Los llamados “autos de fe” fueron una manifestación pública de la Inquisición. Si la sentencia era condenatoria, implicaba que el condenado debía participar en la ceremonia así llamada, que solemnizaba su retorno al seno de la Iglesia (en la mayor parte de los casos), o su castigo como hereje impenitente. Los autos solían realizarse en un espacio público de grandes dimensiones (en la plaza mayor de la ciudad, frecuentemente), generalmente en días festivos. Los rituales relacionados con el auto empezaban ya la noche anterior (la llamada "procesión de la Cruz Verde") y duraban a veces el día entero

 

Tanto la estructura urbanística del barrio como la morfología de las piezas y los procedimientos empleados en su elaboración son típicamente árabes.

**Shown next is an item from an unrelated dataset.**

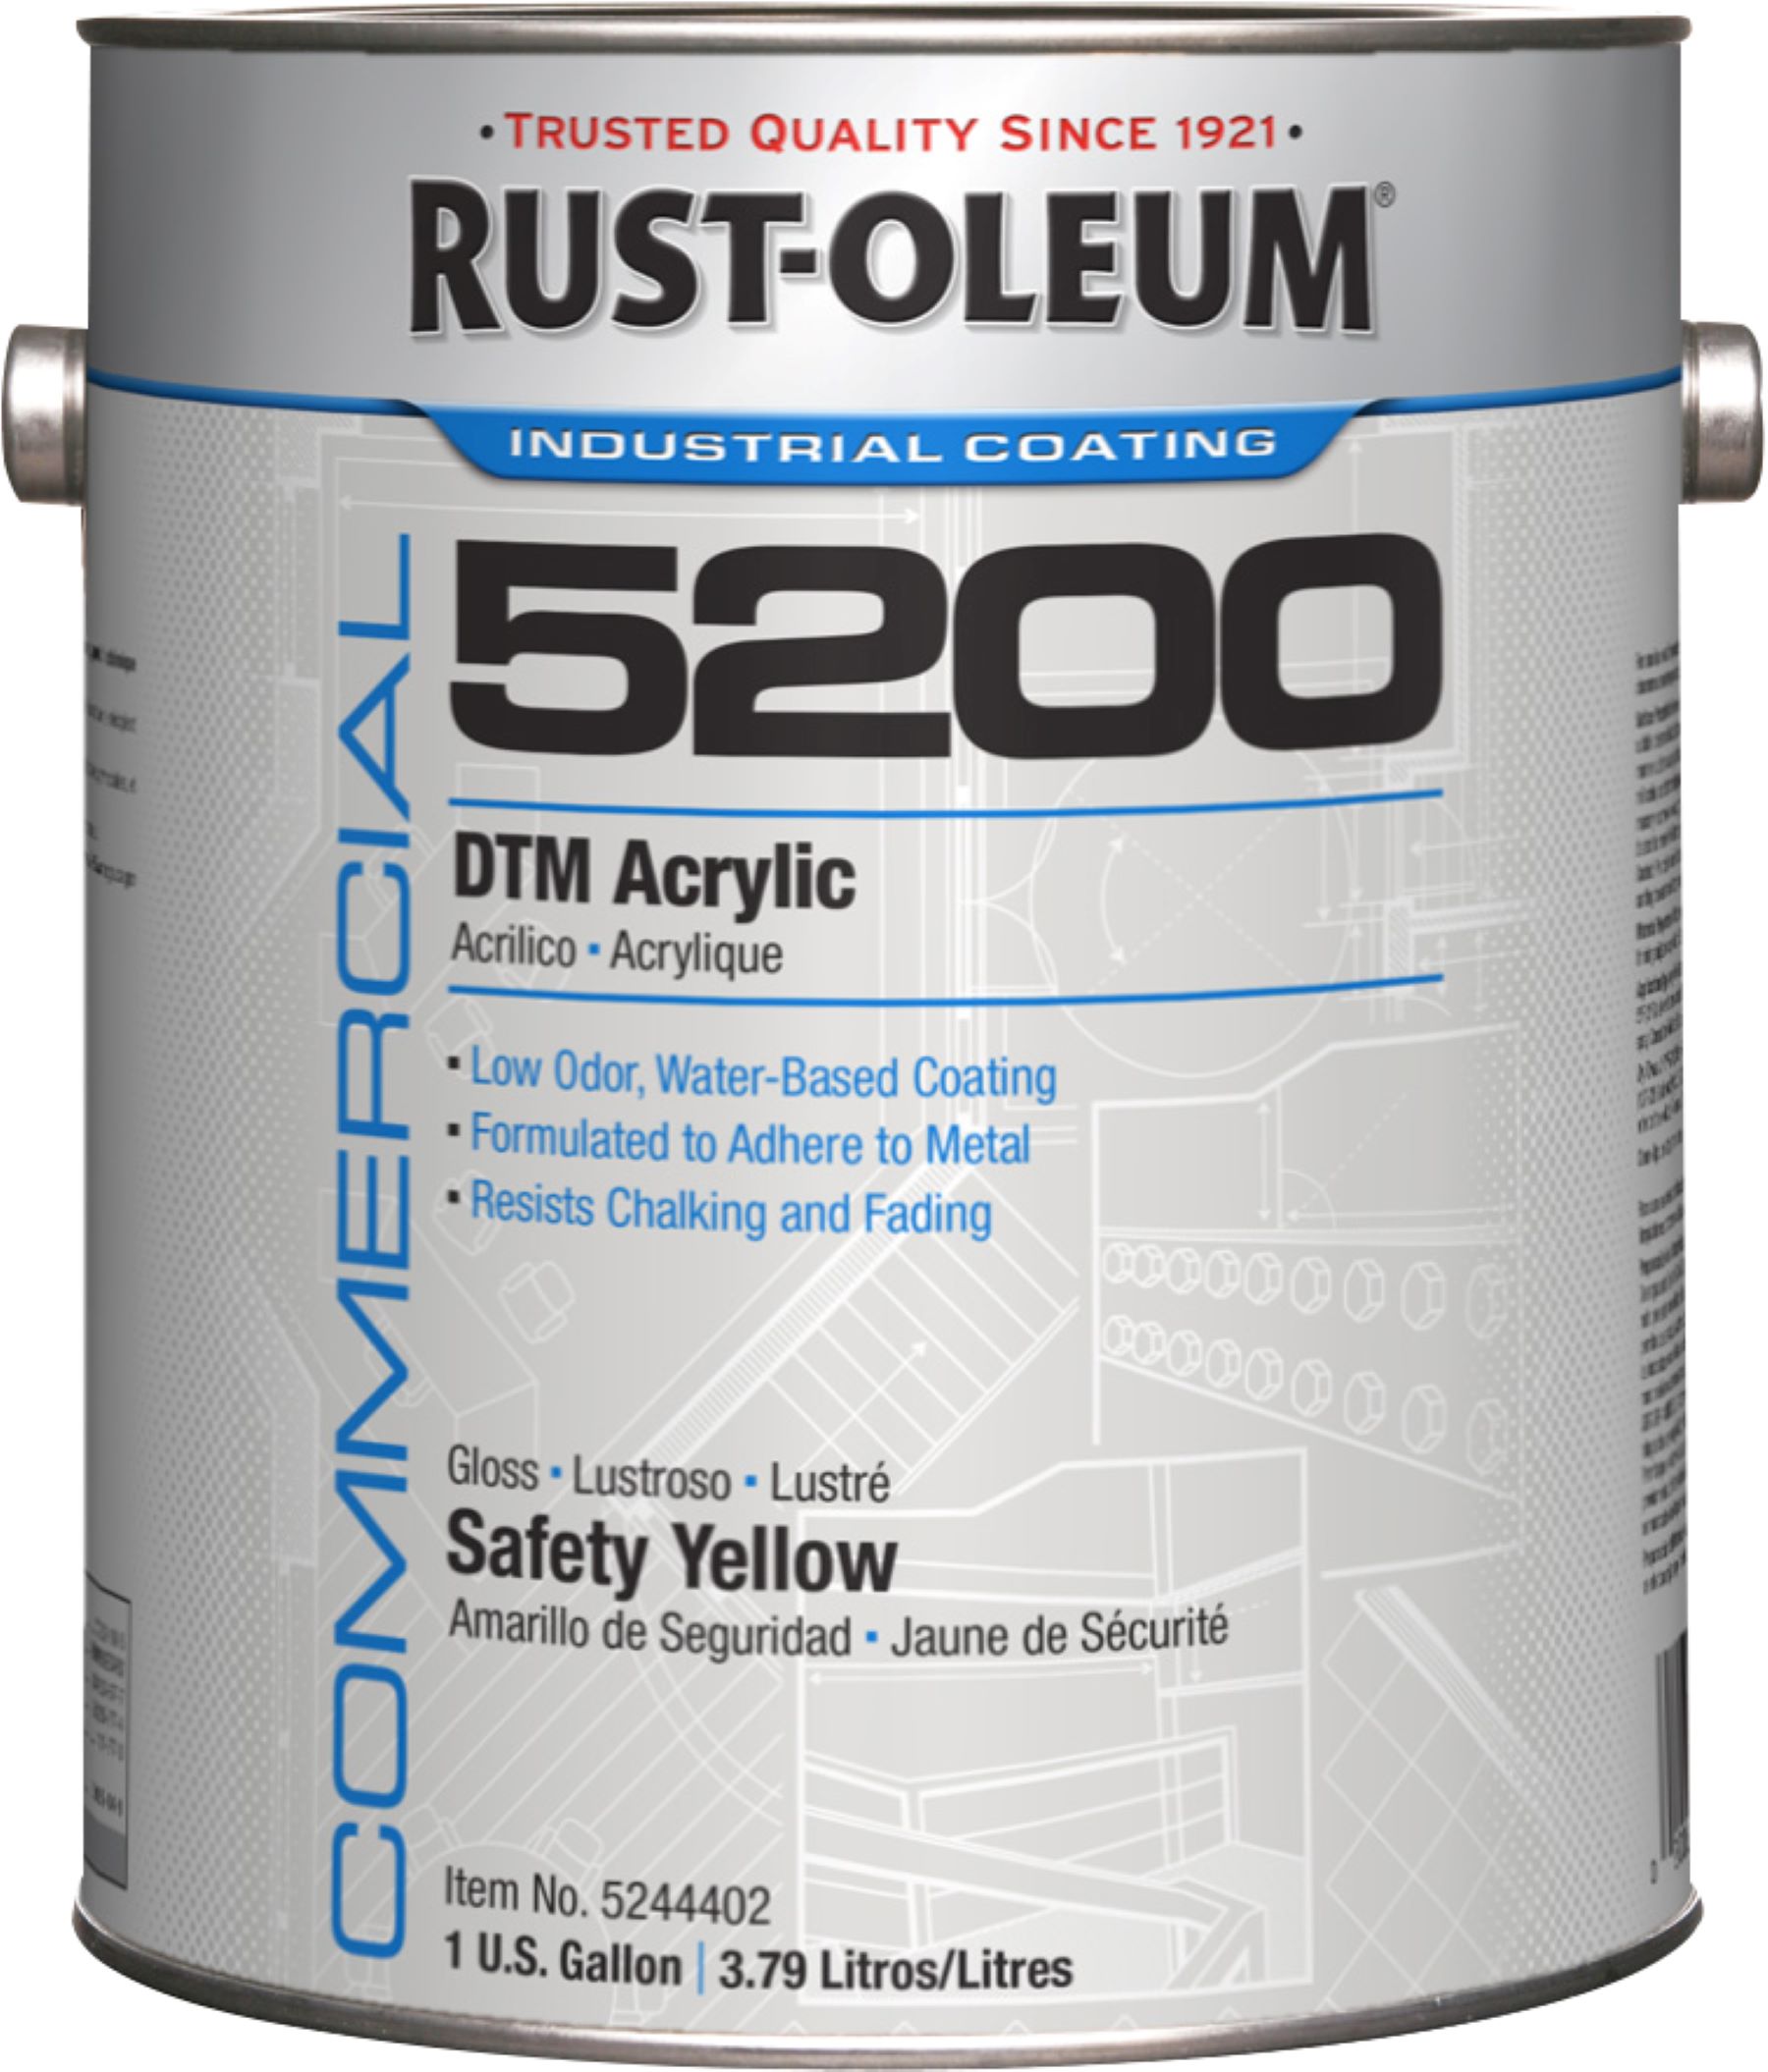 Rust-Oleum 1 gal. Paint Stripper for Concrete (4-Pack)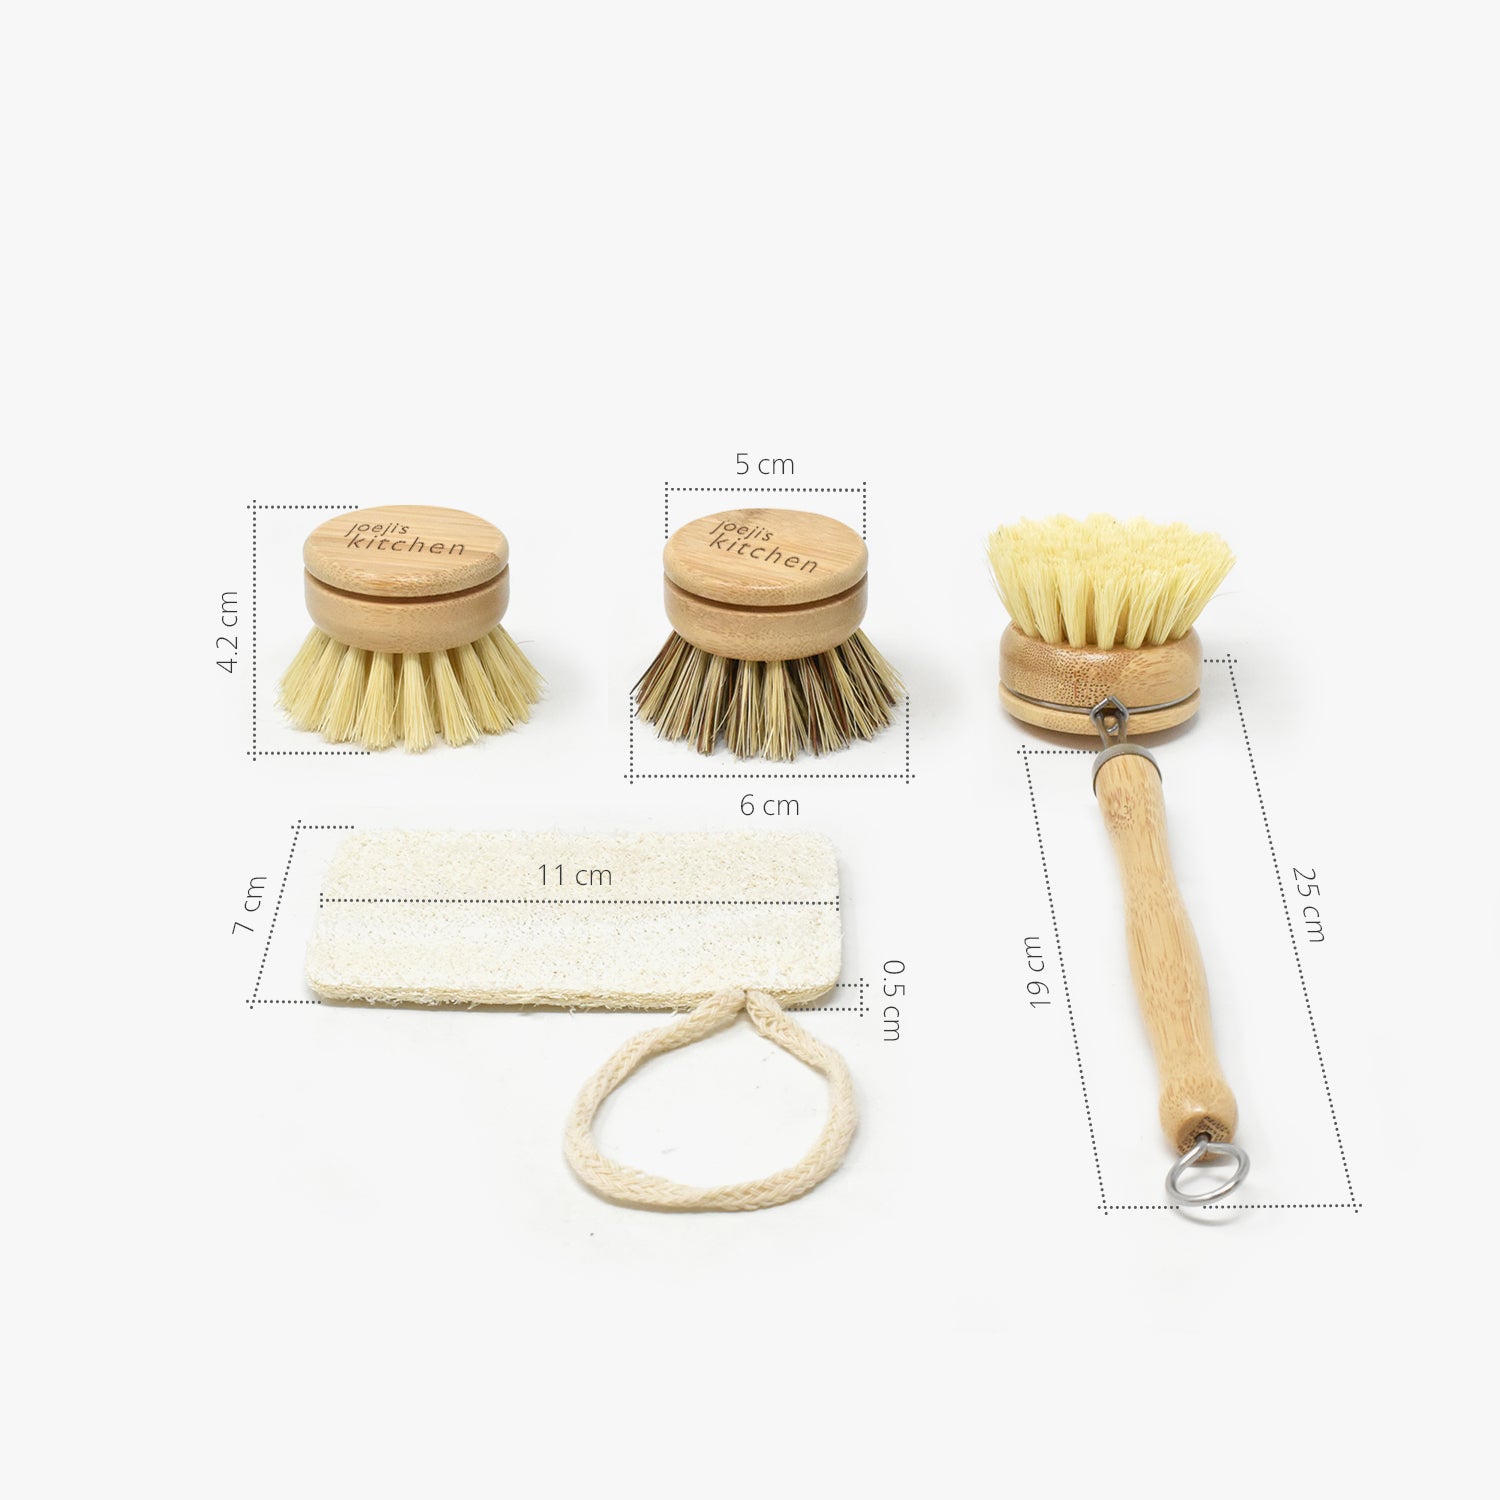 A-1ux Wooden Dish Brush, A-1Ux Bamboo Wood & Natural Bristle

Ya en el siglo XV se tiene constancia documental de que “la Alcaidía percibía el diezmo de cántaros y demás piezas de alfarería que se fabrican en esta villa”.

 

La singularidad de la alfarería moteña le viene dada porque ha sido siempre tarea exclusivamente femenina. Las mujeres preparaban y elaboraban las piezas, sobretodo cántaros para agua y otras bebidas (de ahí el nombre de cantareras), mientras los hombres eran los encargados de sacar el barro de los barreros y transportarlo a la casa, preparar la barda o combustible para el horno, llevar las piezas al horno para cocerlas y vender el producto fuera de la localidad.

Otra peculiaridad es que en Mota del Cuervo no ha habido locales especiales para los alfares. Estaban ubicados en las propias viviendas de las cantareras, que aprovechaban las diferentes estancias de la casa para su trabajo: la cocina, en invierno; y los porches y portales, en verano.

 

Cuando el número de cantareras era mayor, había varios hornos propiedad de particulares, que siempre tuvieron uso comunitario. Esta característica hizo que la alfarería de Mota del Cuervo desarrollara todo un sistema de medidas y numeración y de señales particulares para el reconocimiento de las respectivas piezas.

 

Hoy sólo queda el Horno alfarero de “la Conce”, junto al Museo de Alfarería, actualmente propiedad del Ayuntamiento, y que realiza la cocción tradicional de las piezas una vez al año, a finales de agosto.